Between War and Capitulation

This week, the People’s Republic of China imposed Chinese national security law on Hong Kong, violating the 1997 Sino-British declaration handing the territory to Beijing and slamming the door on what was left of a free Hong Kong. The United States, U.K., and others reacted angrily; the Trump administration had already imposed sanctions for Chinese actions in Hong Kong. London offered a pathway to citizenship to 3 million Hong Kongers. But China appears to have rightly calculated that other than a few angry statements and some irritating economic punishments, the world would do nothing in the face of its aggression.
It is almost a truism that a policy of resistance to rogue states, revisionists, bad guys—call them what you will—that is not backed by the potential use of force is bound to fail. But the practicalities of using force are a limiting factor in most cases. As Barack Obama said in defense of his weak Syria policy, “Unless we were all in and willing to take over Syria, we were going to have problems.” That binary Obama formulation—war or nothing—has surprising purchase, particularly in the face of complex problems.
Still, the question Obama asked is the correct one: Are we going to risk war over a security law in Hong Kong, some province of Ukraine, a region of Georgia, Syrians, Yemenis, Somalis…? Almost certainly not. The question has deep provenance: Chamberlain was right that few can muster interest in a “quarrel in a far away country, between people of whom we know nothing.” And by the time the world realizes that it does indeed need to care about these far away quarrels, it becomes almost impossible absent major conflict to rise to the challenge.

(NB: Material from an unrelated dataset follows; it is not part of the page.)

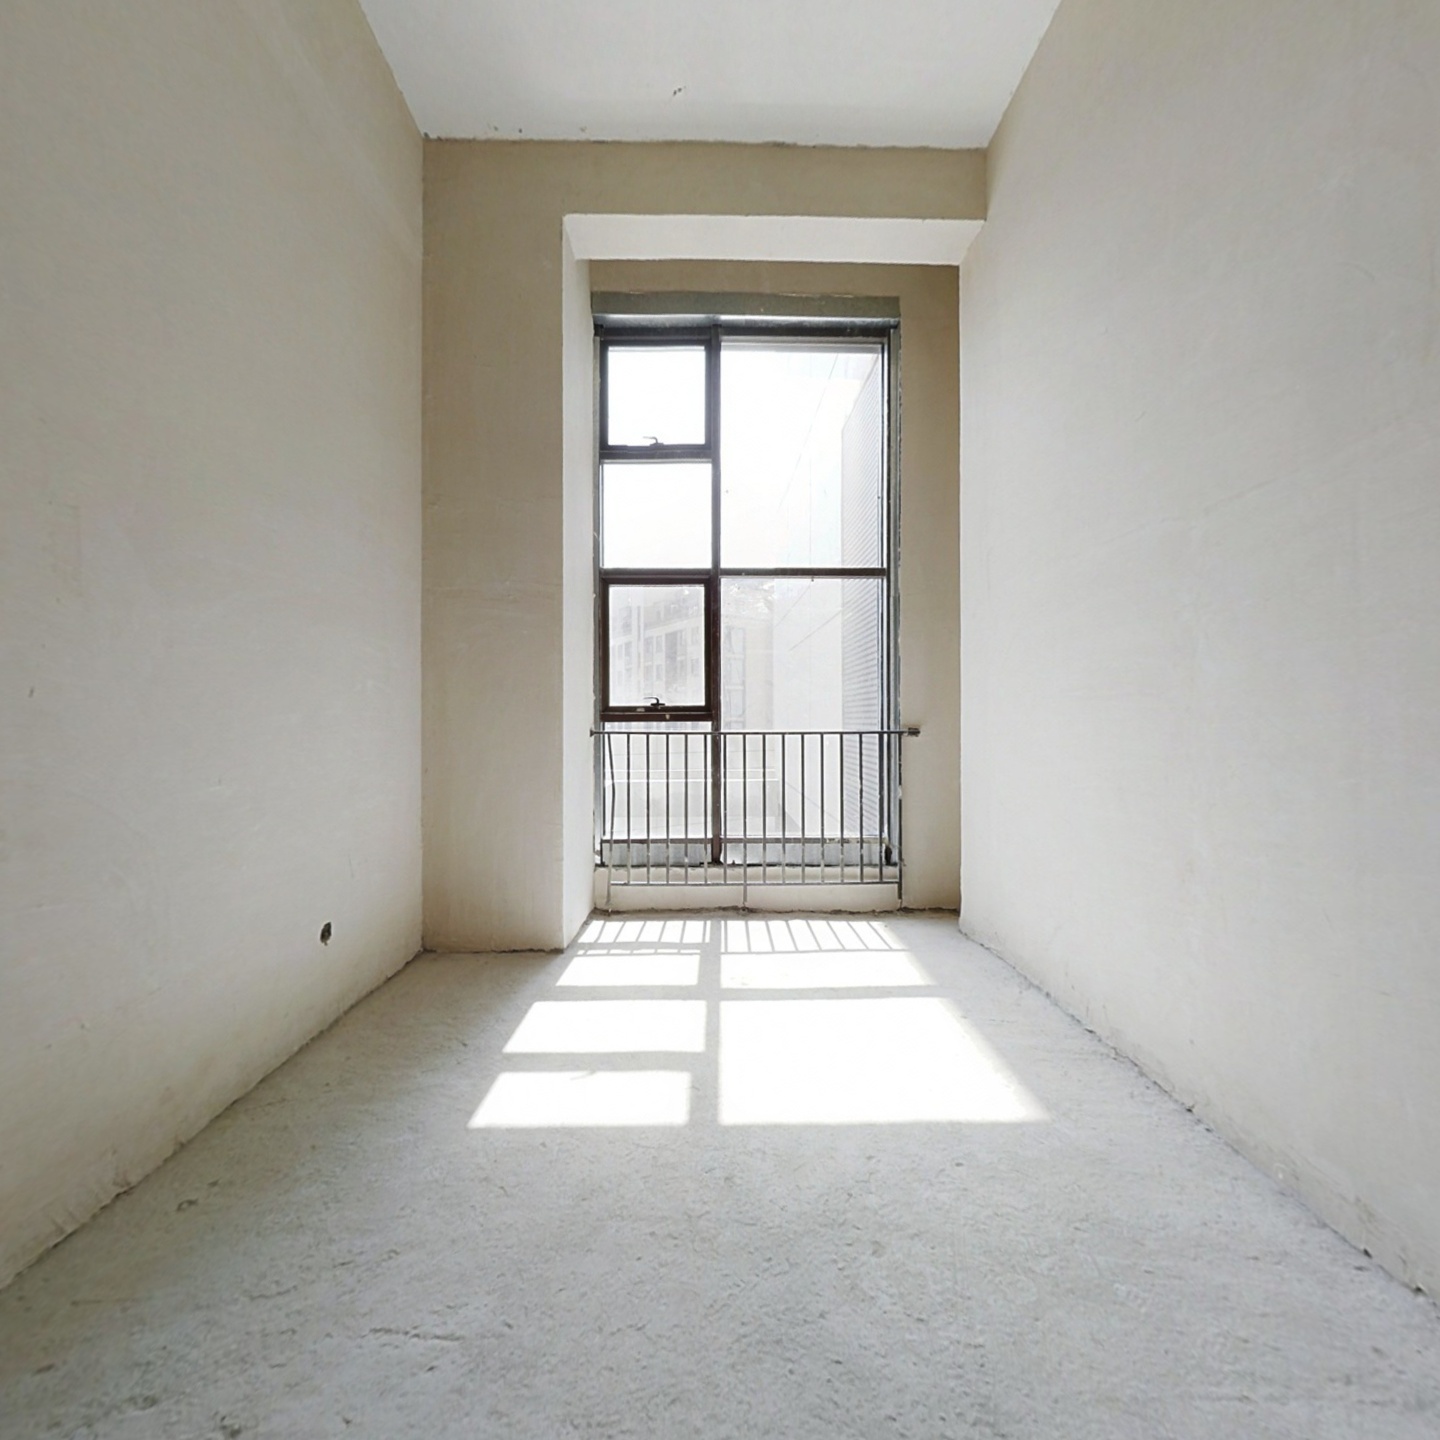 鄞州区东部新城明湖板块公寓出售，毛坯房可分割2层。

Without the implicit threat of force to back up diplomacy—that stick that Theodore Roosevelt eulogized—the effectiveness of measures intended to coerce a determined rogue is very much in question. Indeed, neither sanctions nor stern words have dislodged Russia from Ukraine, nor mitigated Iranian and Russian chemical attacks on the Syrian people. A Permanent Court of Arbitration ruling hasn’t displaced China from the South China Sea, and no number of sanctions have stopped Iran from sponsoring and arming terrorist groups.